Every now and then I get all enthusiastic again, often when there's a meteor shower, and I go and lie on a blanket in the back garden, wearing eighteen layers of clothes, trying to block out light pollution and find a gap in the clouds. What I should do is time my visits to my parents in the Highlands to coincide with meteor showers, taking twenty-eight layers of clothes and a flask of coffee out to the golf course or up the glen. I have never seen stars as clearly as I have in Badenoch - it's really phenomenal. Orion looks as if he's actually striding about the sky, whereas here his belt looks fairly clear and the rest are a bit difficult to make out. Even when I still lived in Shetland which you might think of as more remote there were problems with light pollution, such as the flare-stack at the oil-terminal! I did see auroras though - as a kid they freaked me out a bit, they are quite spooky.
3 comments:
Lovely post - I'm glad to discover you through the Splash of Colour! My son (aged 13, don't know the age of yours yet - need to read more!) bought himself a good telescope three years ago after a few birthdays and Christmases of saving. He's space mad but goes through phases of actually going out and looking through the telsecope - as you imply, it is quite a lot of work and then we just tell him to get to bed!

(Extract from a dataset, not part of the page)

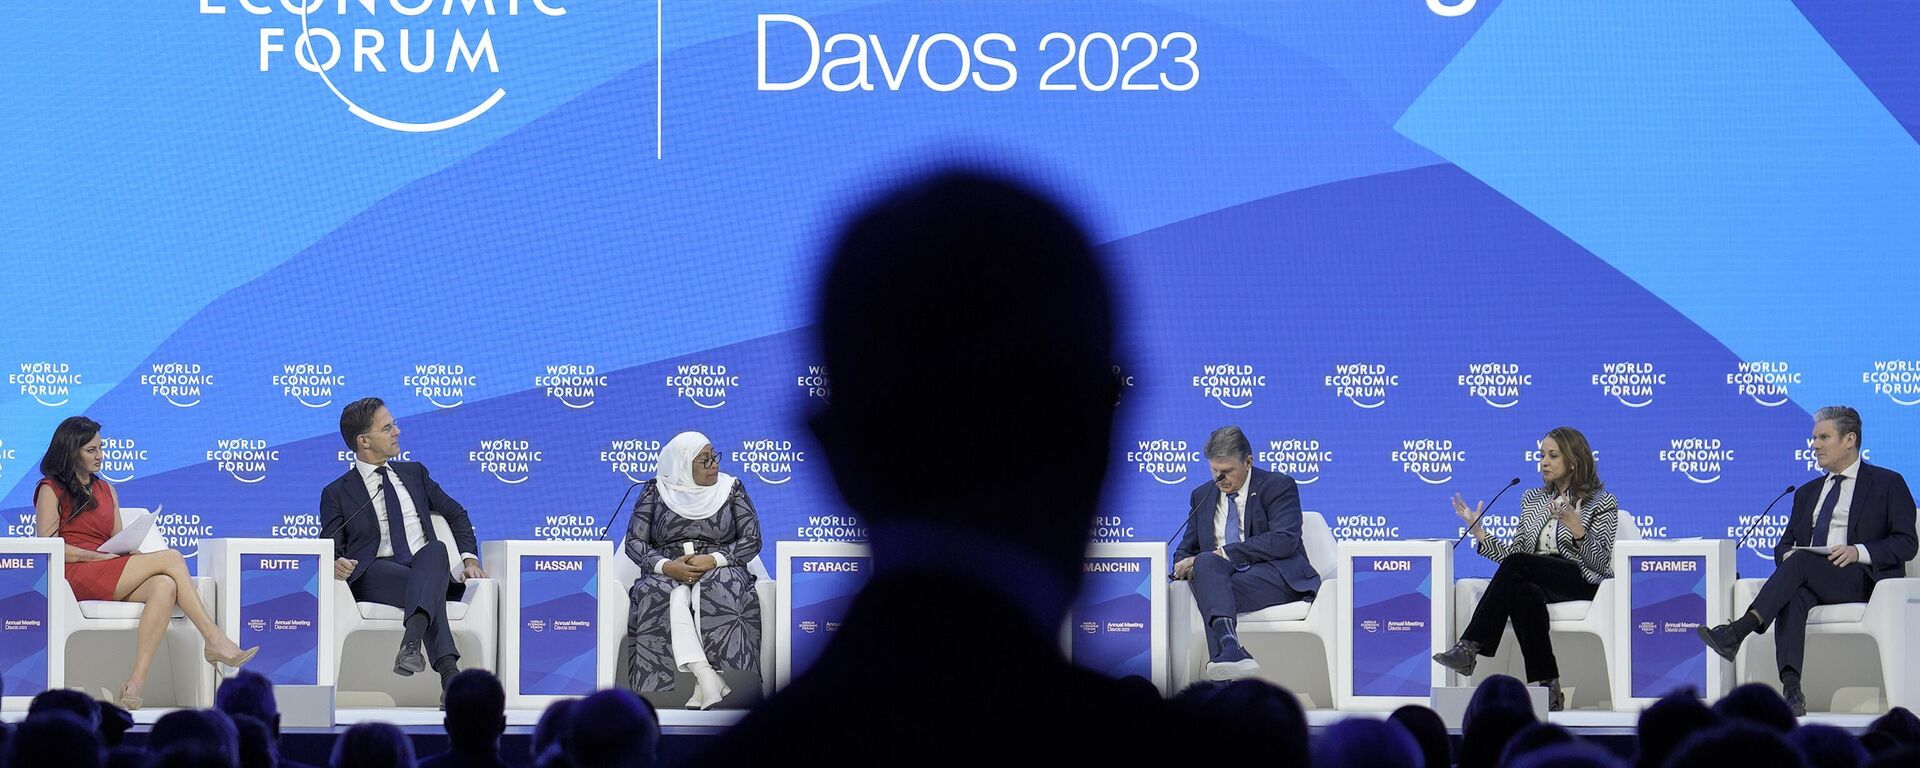 Diskusija na Svetskom ekonomskom forumu u Davosu - Sputnik Srbija, 1920, 21.01.2023

I haven't seen many meteor showers but those that I have (and I saw a brilliant one in France once) have been wonderful. We didn't manage to see last week's shower either. I'm making a resolution right now to try and make an effort for the rest of the showers this year.
Thank you both :-). Floss, my son is seven so is interested for a few minutes then gets distracted by something else! We're just waiting for another clear night (ha!) and we'll get him to look at the moon through the telescope, that should be fun!